With data frames, it makes sense that they unnest in both dimensions, when the nested data frames have the same number of columns in all rows.

32 Nested data frame with unnest_wider

(un05_df <- langs_df %>% 
    select(title, files) %>%
    unnest_wider(files, names_sep = "---")) %>%
  glimpse()
Rows: 2
Columns: 3
$ title          <chr> "ELLA MAE BEGAY", "MIGUEL ANGEL AGUILAR OJEDA"
$ `files---url`  <list<chr>> <"https://www.fbi.gov/wanted/kidnap/ella-mae-begay/down…
$ `files---name` <list<chr>> <"English", "DIN BIZAAD KEHGO", "EN ESPAOL">, <"E…

Here you also get two new columns, but the rows will not divide. You will get character vectors in the columns.

33 Lists in nested columns 😧

langs_FilesAsList %>% pull(files)
[[1]]
[[1]]$url
[1] "https://www.fbi.gov/wanted/kidnap/ella-mae-begay/download.pdf"                                                       
[2] "https://www.fbi.gov/wanted/kidnap/ella-mae-begay/ella-mae-begay_navajo.pdf/@@download/file/ella-mae-begay_Navajo.pdf"
[3] "https://www.fbi.gov/wanted/kidnap/ella-mae-begay/begayspanish.pdf/@@download/file/BegaySpanish.pdf"                  

[[1]]$name
[1] "English"          "DIN BIZAAD KEHGO" "EN ESPAOL"       


[[2]]
[[2]]$url
[1] "https://www.fbi.gov/wanted/murders/miguel-angel-aguilar-ojeda/download.pdf"                                       
[2] "https://www.fbi.gov/wanted/murders/miguel-angel-aguilar-ojeda/ojedaspanish2.pdf/@@download/file/OjedaSpanish2.pdf"

[[2]]$name
[1] "English"   "EN ESPAOL"

Our slice of the FBI Wanted data does not contain any lists in values.
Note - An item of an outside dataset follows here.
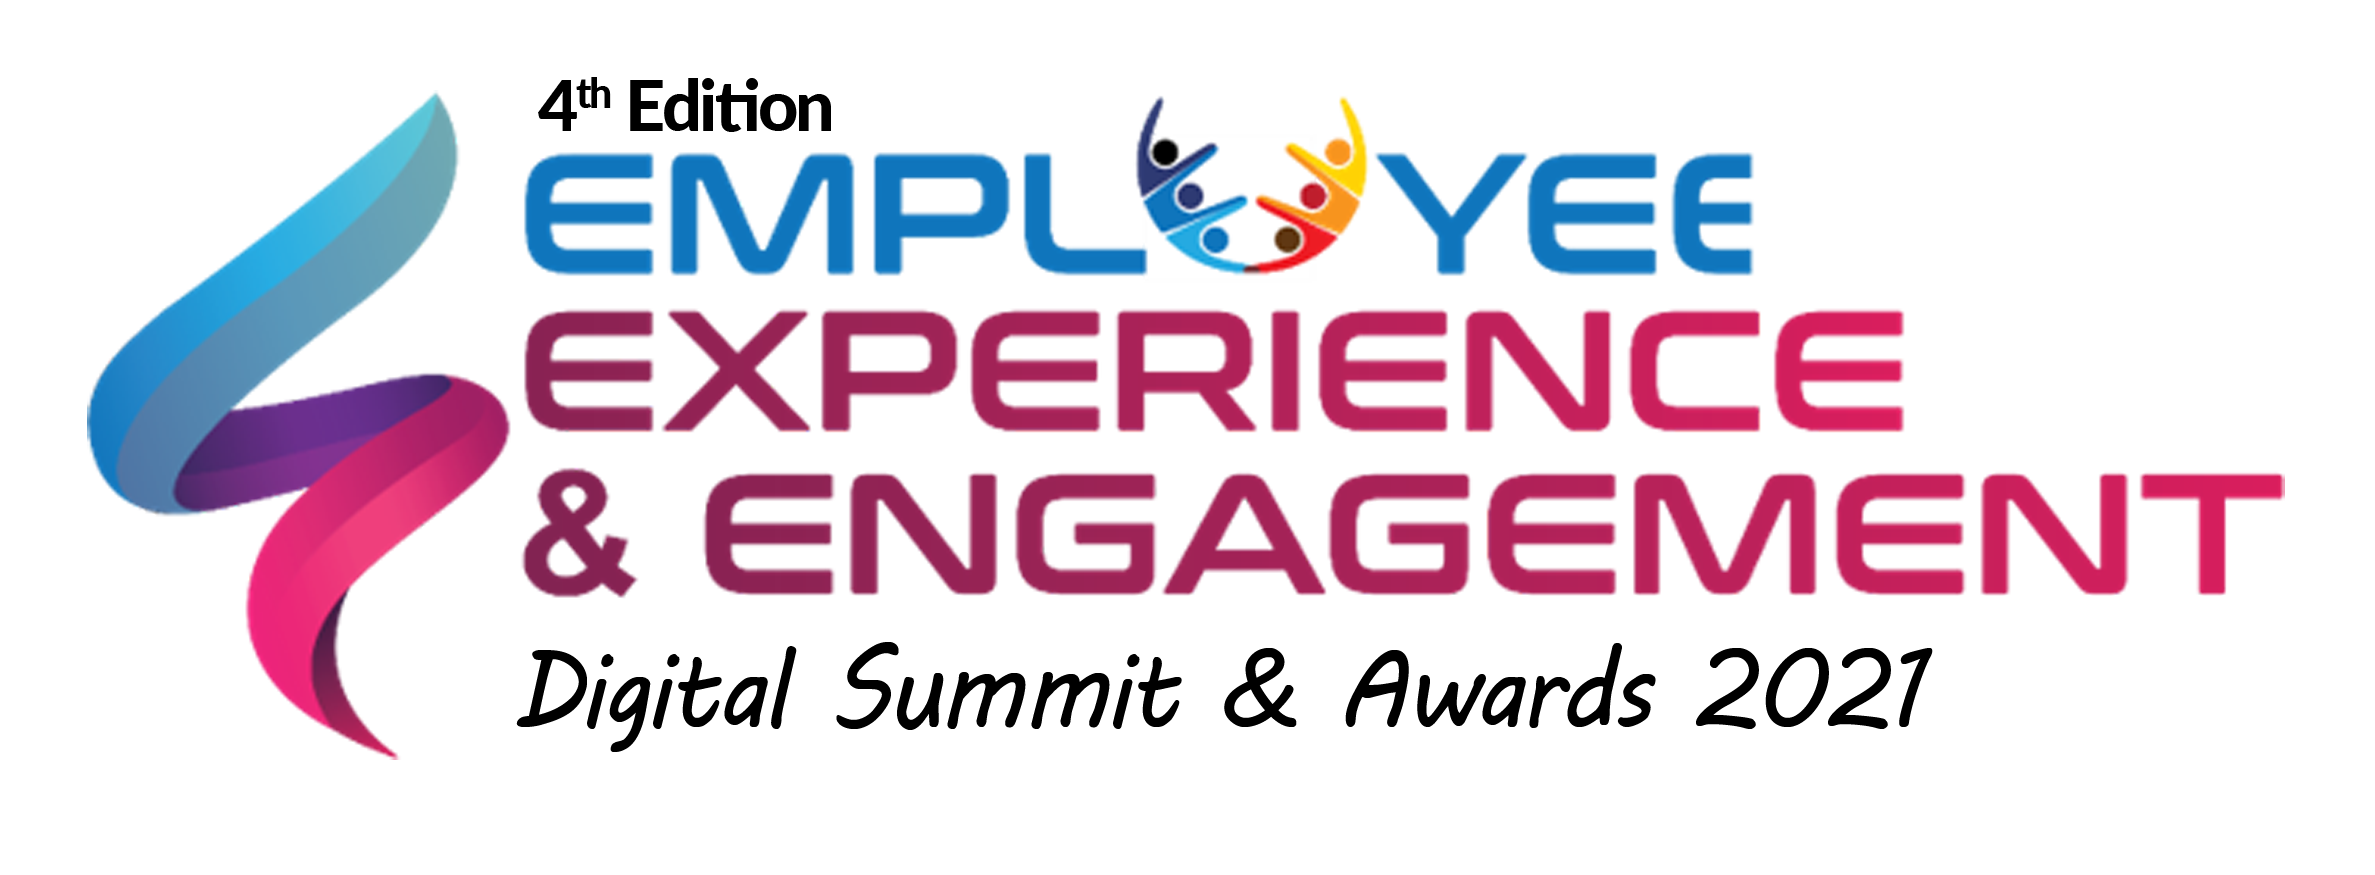 4th Edition Employee Experience & Engagement Summit & Awards 2021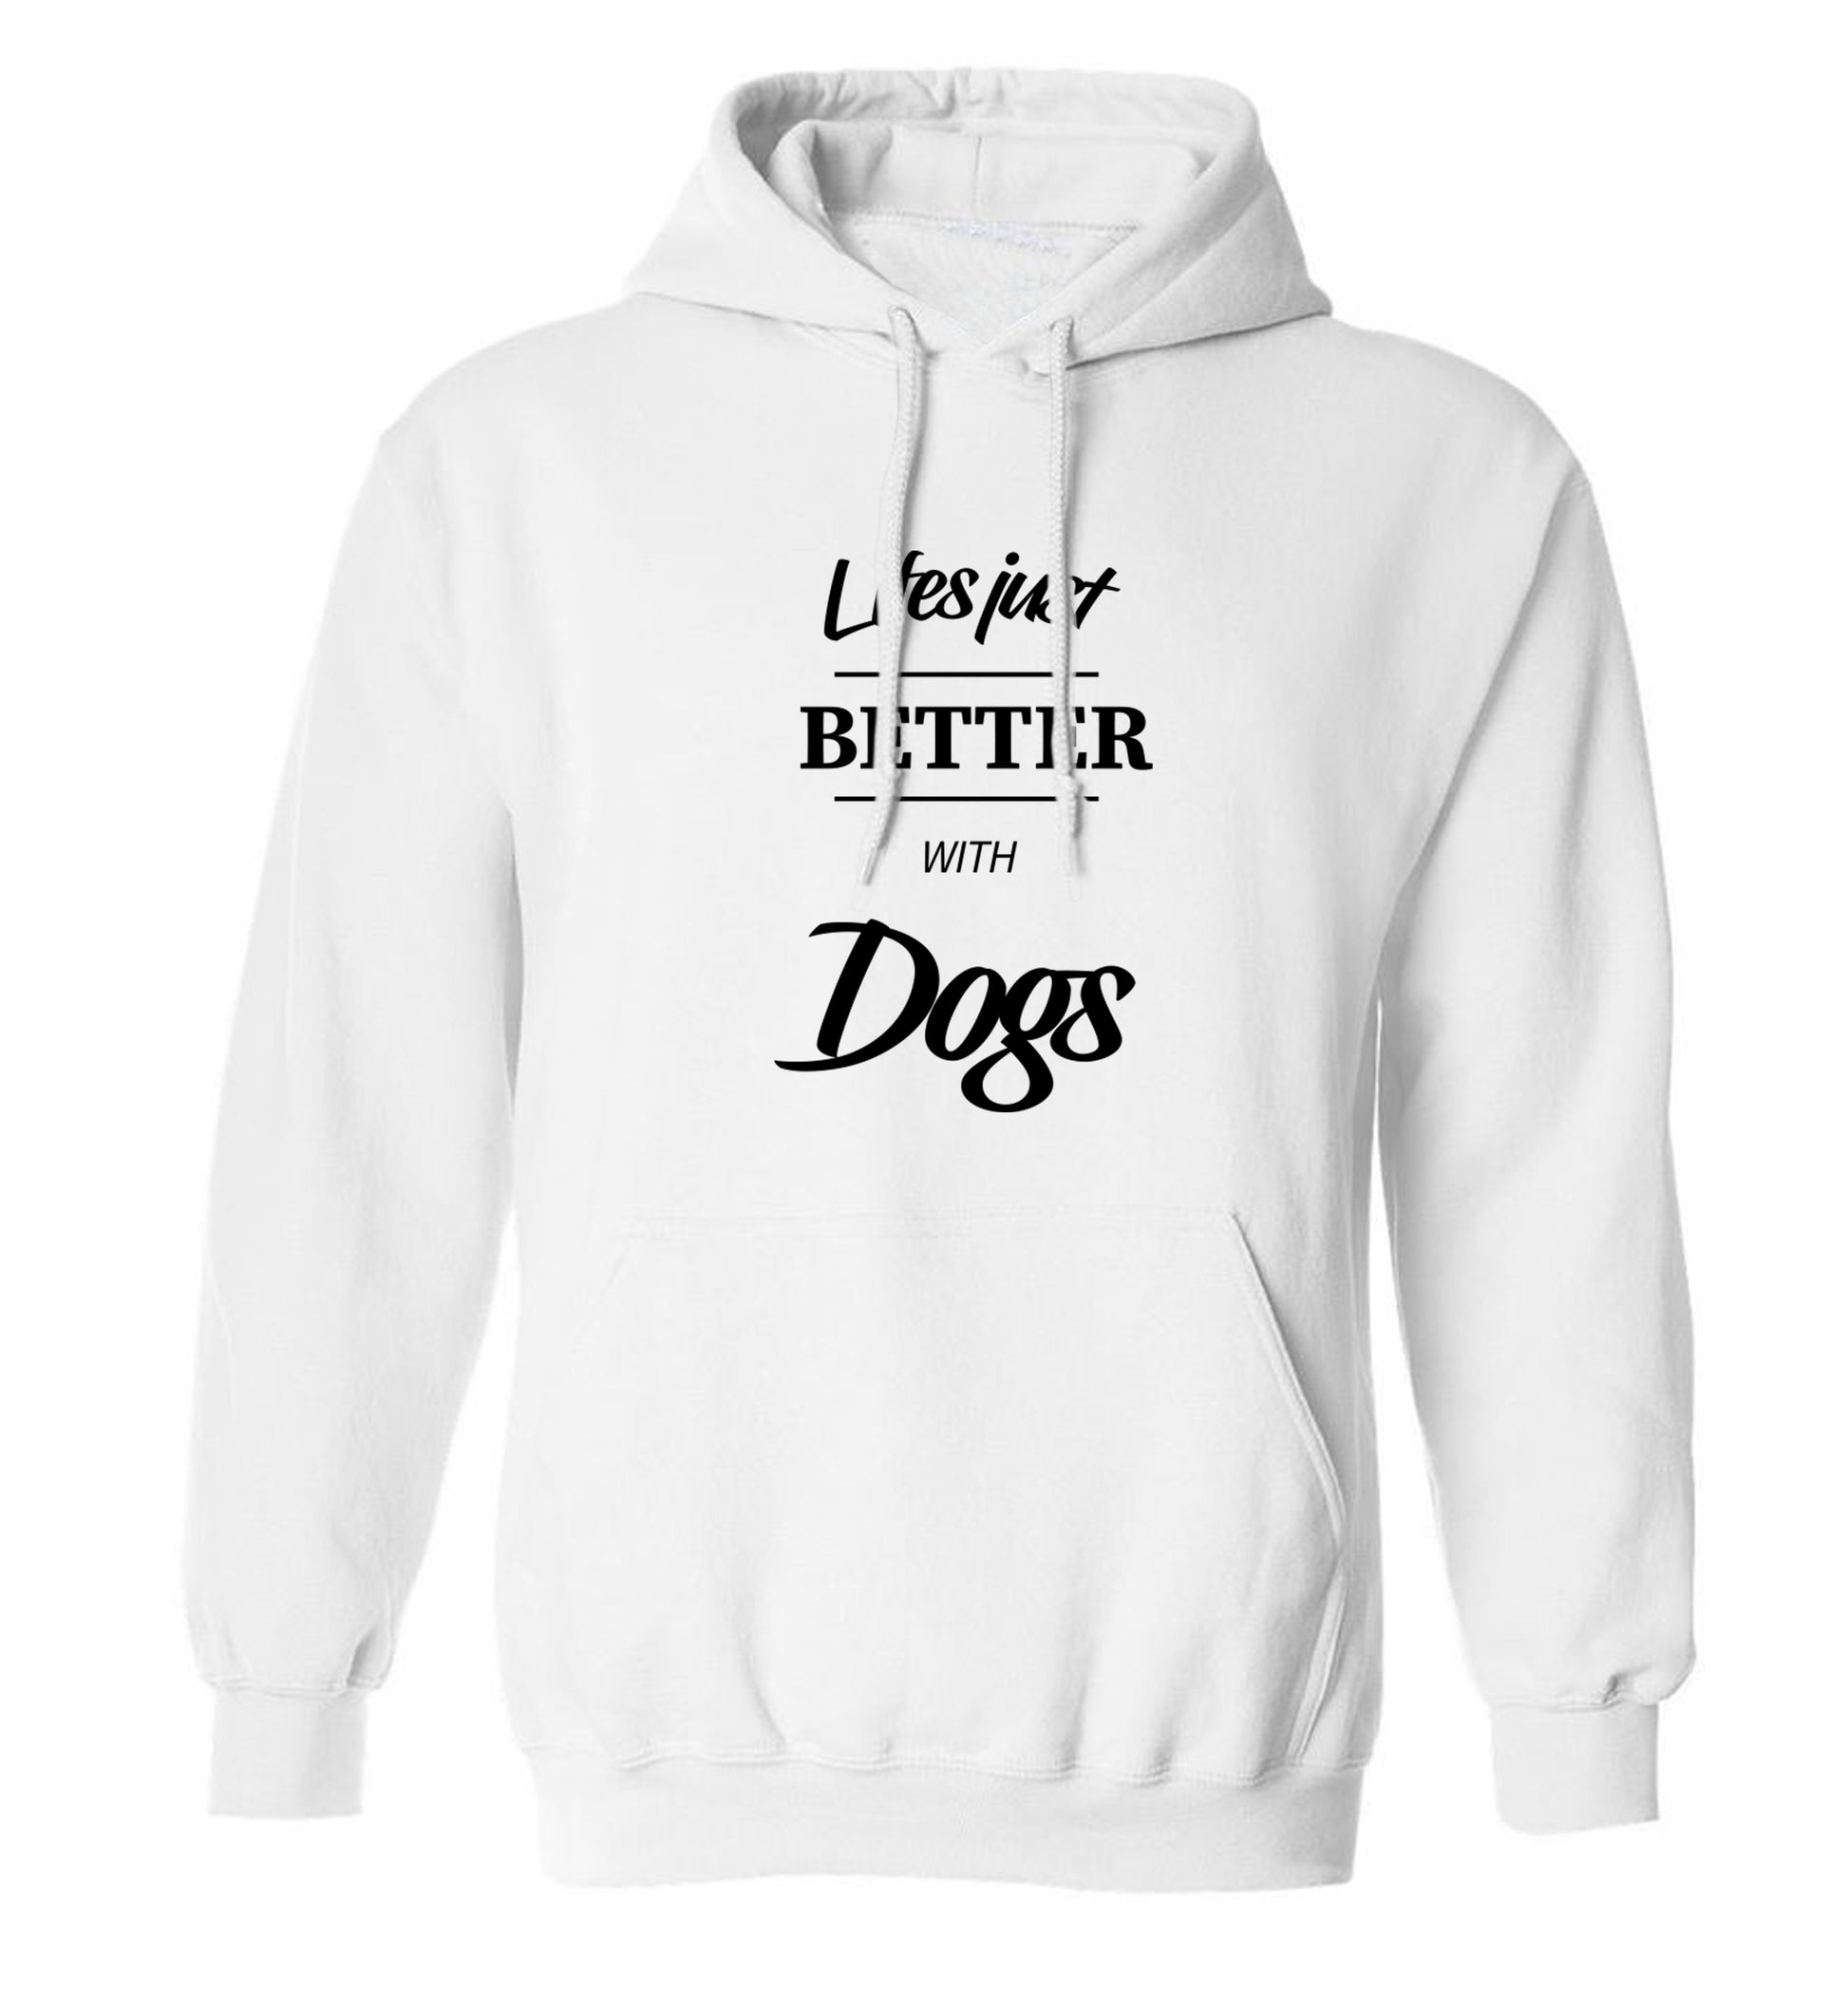 life is better with dogs adults unisex white hoodie 2XL

Therefore I created a derived data frame langs_FilesAsList, where I deliberately transform the files column from a list of data frames into a list of lists. Now each cell contains a named list with two elements, url and name. The next slide will show how to extract information from such lists with a one-liner.

34 hoist nested list elements into columns

 langs_FilesAsList %>% 
  tidyr::hoist(files, POSTER_URL = list( 1L), 
    POSTER_NAMES = list(2L)) 
                       title        languages
1             ELLA MAE BEGAY  English, Navajo
2 MIGUEL ANGEL AGUILAR OJEDA Spanish, English
                                                                                                                                                                                                                                                                               POSTER_URL
1 https://www.fbi.gov/wanted/kidnap/ella-mae-begay/download.pdf, https://www.fbi.gov/wanted/kidnap/ella-mae-begay/ella-mae-begay_navajo.pdf/@@download/file/ella-mae-begay_Navajo.pdf, https://www.fbi.gov/wanted/kidnap/ella-mae-begay/begayspanish.pdf/@@download/file/BegaySpanish.pdf
2                                                                                           https://www.fbi.gov/wanted/murders/miguel-angel-aguilar-ojeda/download.pdf, https://www.fbi.gov/wanted/murders/miguel-angel-aguilar-ojeda/ojedaspanish2.pdf/@@download/file/OjedaSpanish2.pdf
                          POSTER_NAMES        field_offices dates_of_birth_used
1 English, DIN BIZAAD KEHGO, EN ESPAOL albuquerque, phoenix  September 28, 1958
2                   English, EN ESPAOL         philadelphia      August 5, 1990

With tidyr::hoist you can access a specific element of a nested list in a nested column, which itself always is a list.

35 hoist, then unnest.

langs_FilesAsList %>% 
 tidyr::hoist(files, POSTER_URL = list( 1L), POSTER_NAMES = list(2L)) %>%
  unnest_longer(c(starts_with("POSTER")))
# A tibble: 5 × 6
  title      languages POSTER_URL POSTER_NAMES field_offices dates_of_birth_used
  <chr>      <list>    <chr>      <chr>        <list>        <list>             
1 ELLA MAE … <chr [2]> https://w… English      <chr [2]>     <chr [1]>          
2 ELLA MAE … <chr [2]> https://w… DIN BIZAAD … <chr [2]>     <chr [1]>          
3 ELLA MAE … <chr [2]> https://w… EN ESPAOL    <chr [2]>     <chr [1]>          
4 MIGUEL AN… <chr [2]> https://w… English      <chr [1]>     <chr [1]>          
5 MIGUEL AN… <chr [2]> https://w… EN ESPAOL    <chr [1]>     <chr [1]>          

The nested list elements were vectors, so the hoisted columns are still nested columns. But this time they store only vectors, and these are easily extracted with unnest.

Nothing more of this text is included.